◆ What is expected
Word for word, retype the lines from the one containing "葛饰北斋 Katsushika Hokusai" to the one containing "Colaborações NieR Automata" below, keeping both end lines and dropping the pictures.

◆ Exercise inputs
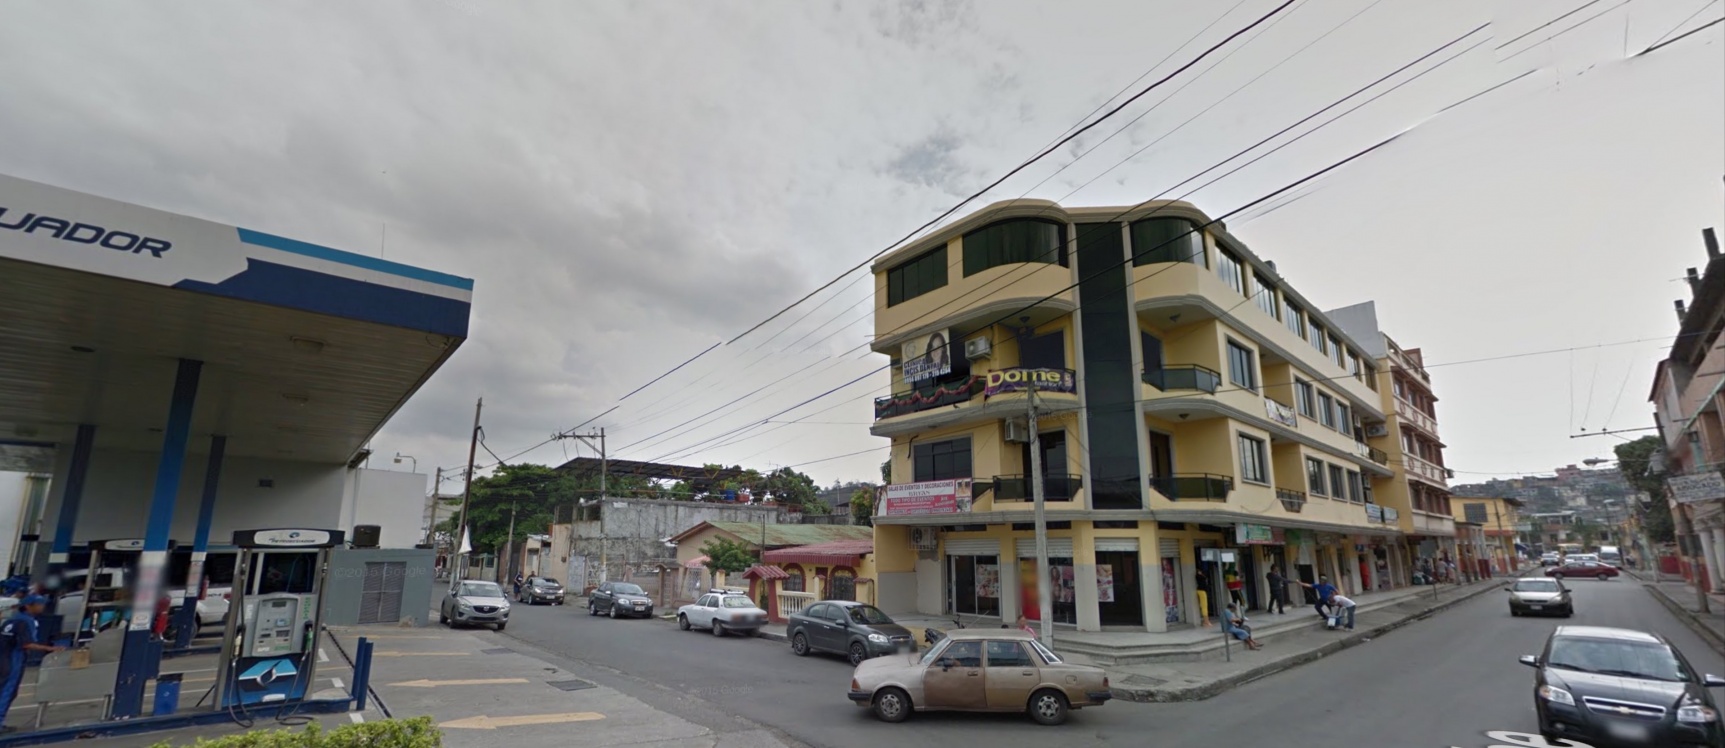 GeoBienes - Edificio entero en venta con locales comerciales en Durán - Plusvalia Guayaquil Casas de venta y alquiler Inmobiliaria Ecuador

* * *

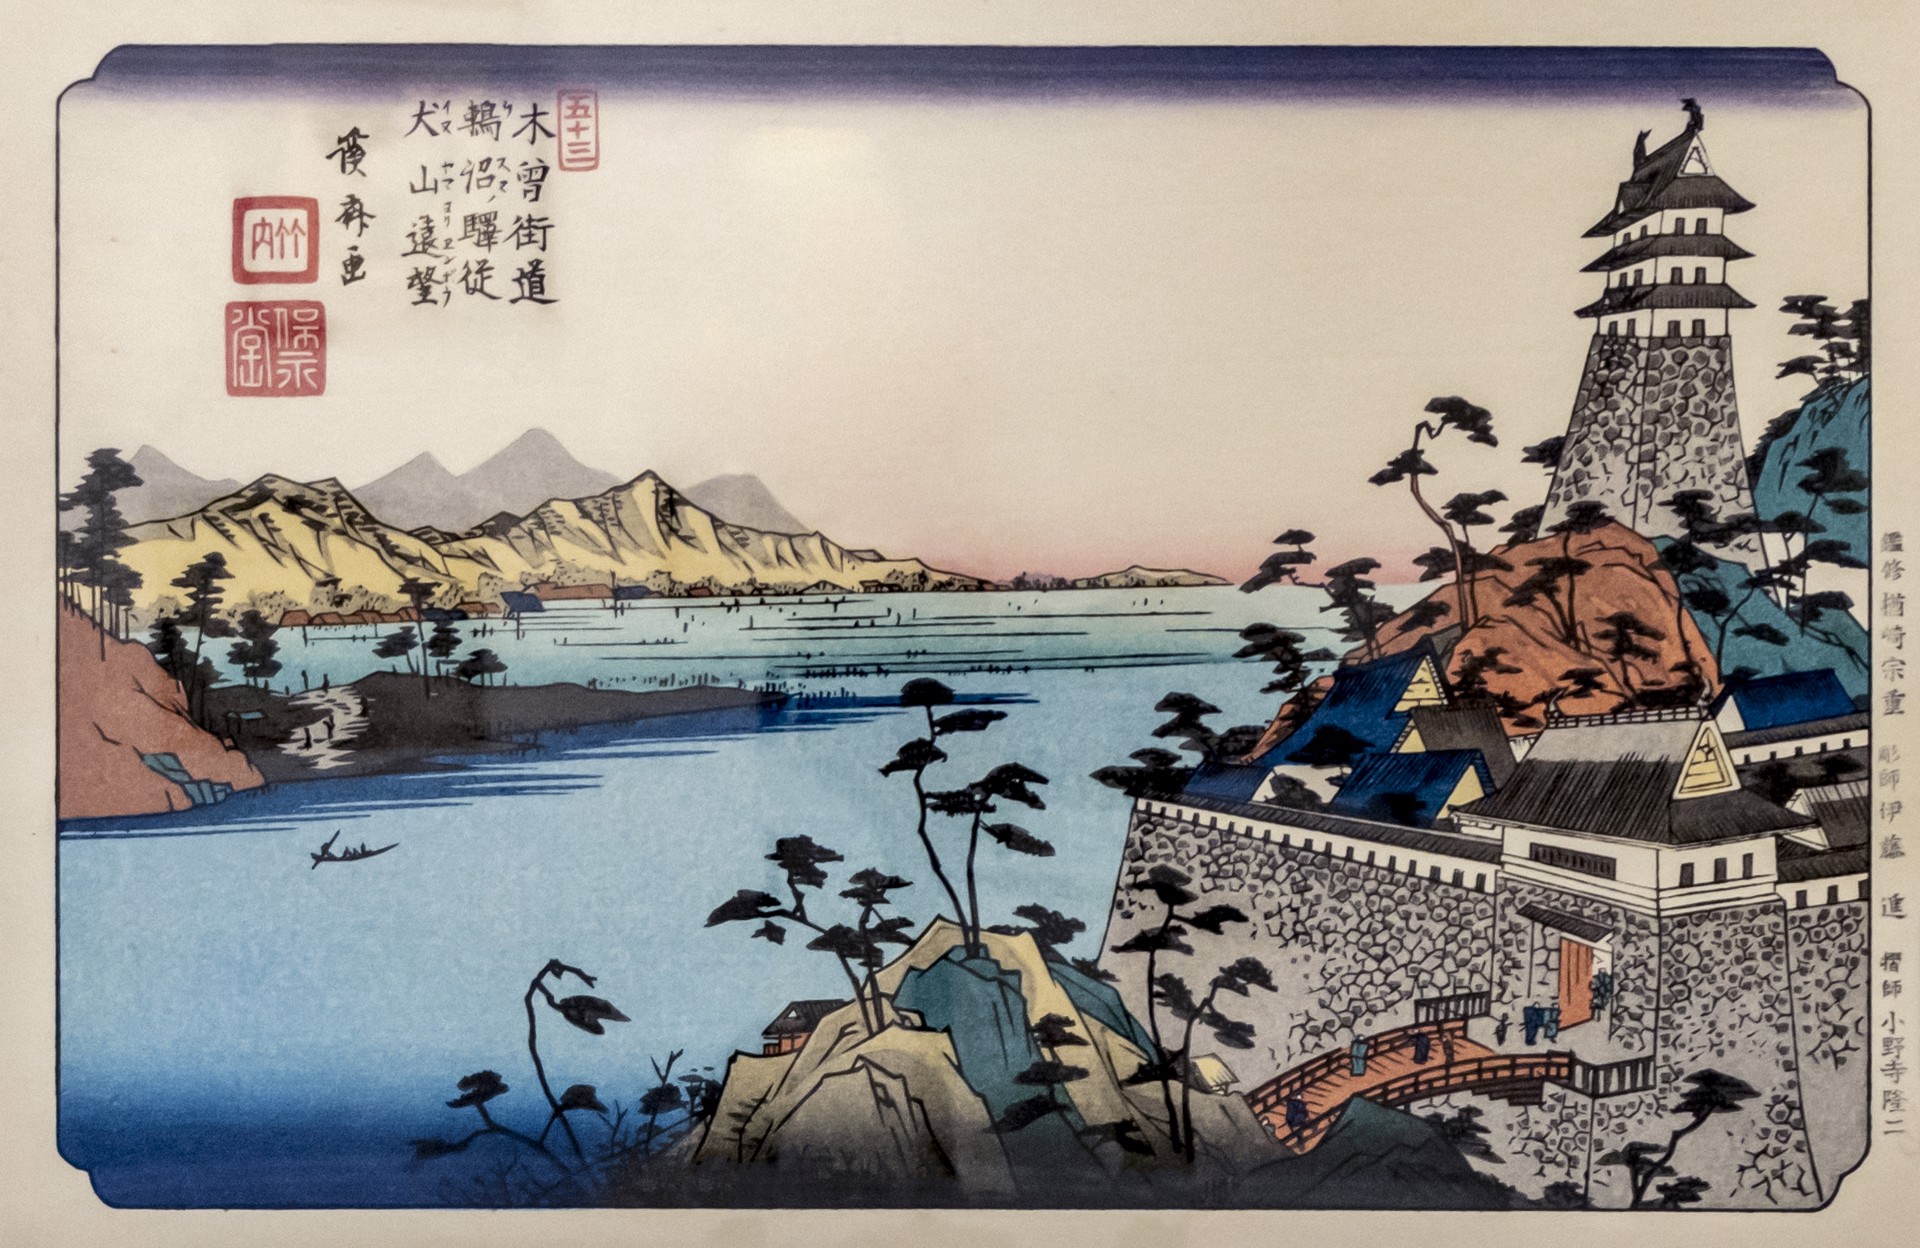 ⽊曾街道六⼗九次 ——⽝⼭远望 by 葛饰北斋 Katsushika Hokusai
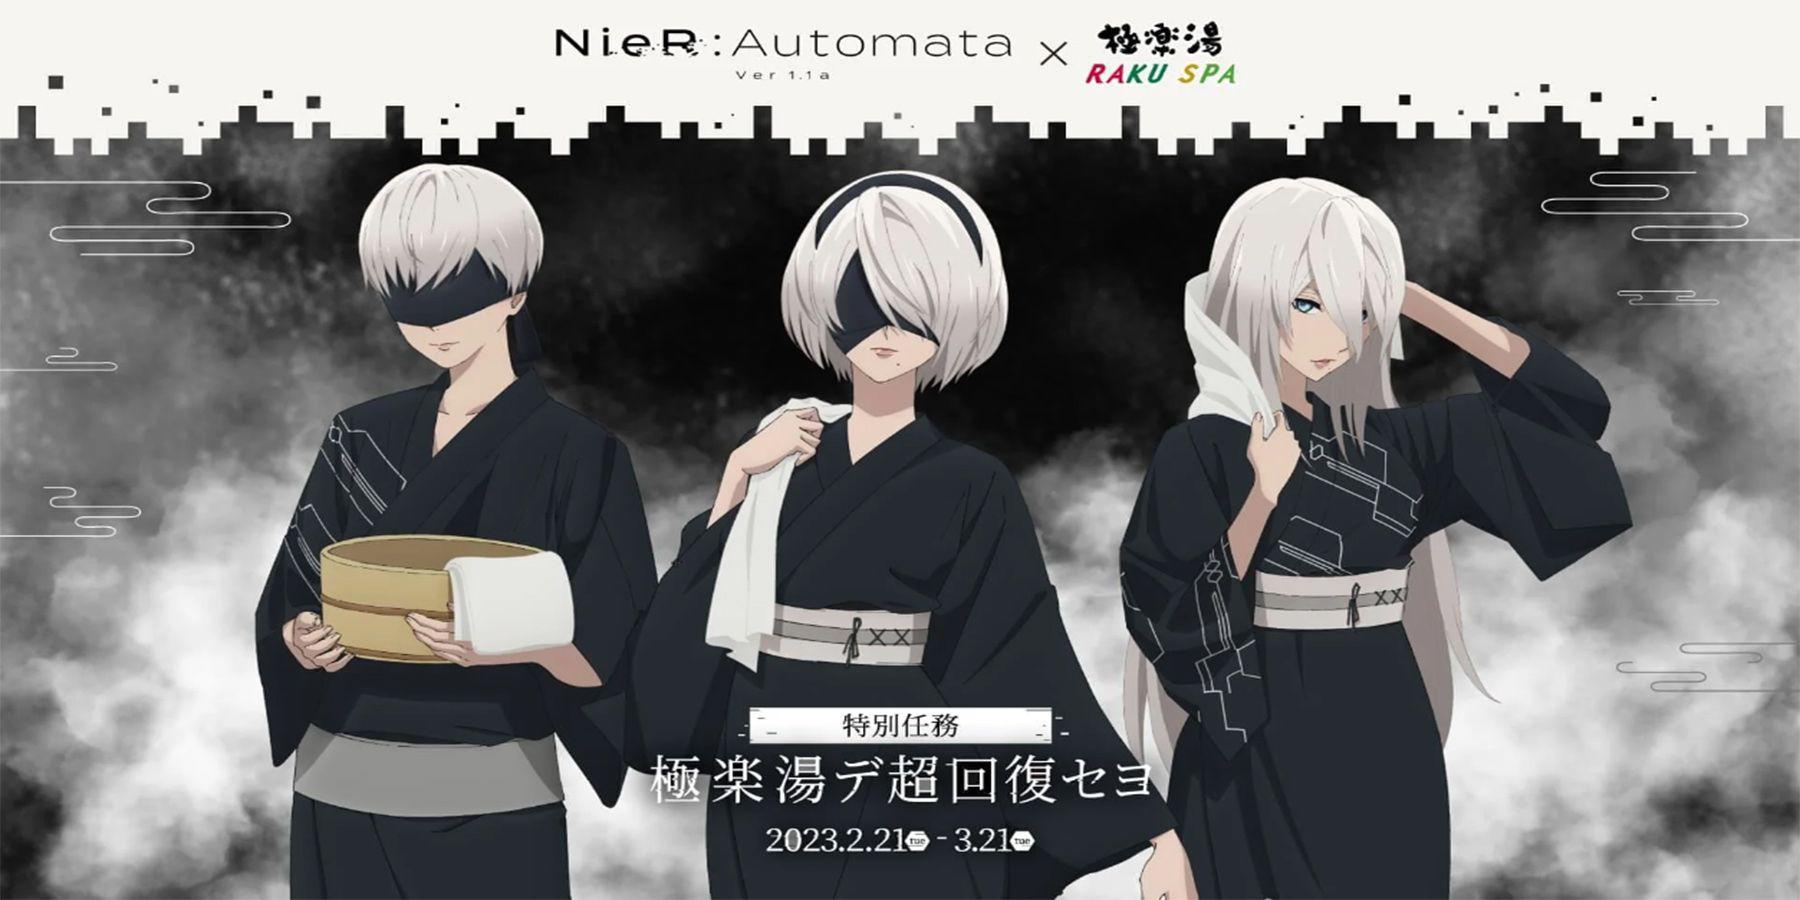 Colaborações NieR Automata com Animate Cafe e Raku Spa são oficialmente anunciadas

◆ Result of the exercise
 ⽊曾街道六⼗九次 ——⽝⼭远望 by 葛饰北斋 Katsushika Hokusai
 Colaborações NieR Automata com Animate Cafe e Raku Spa são oficialmente anunciadas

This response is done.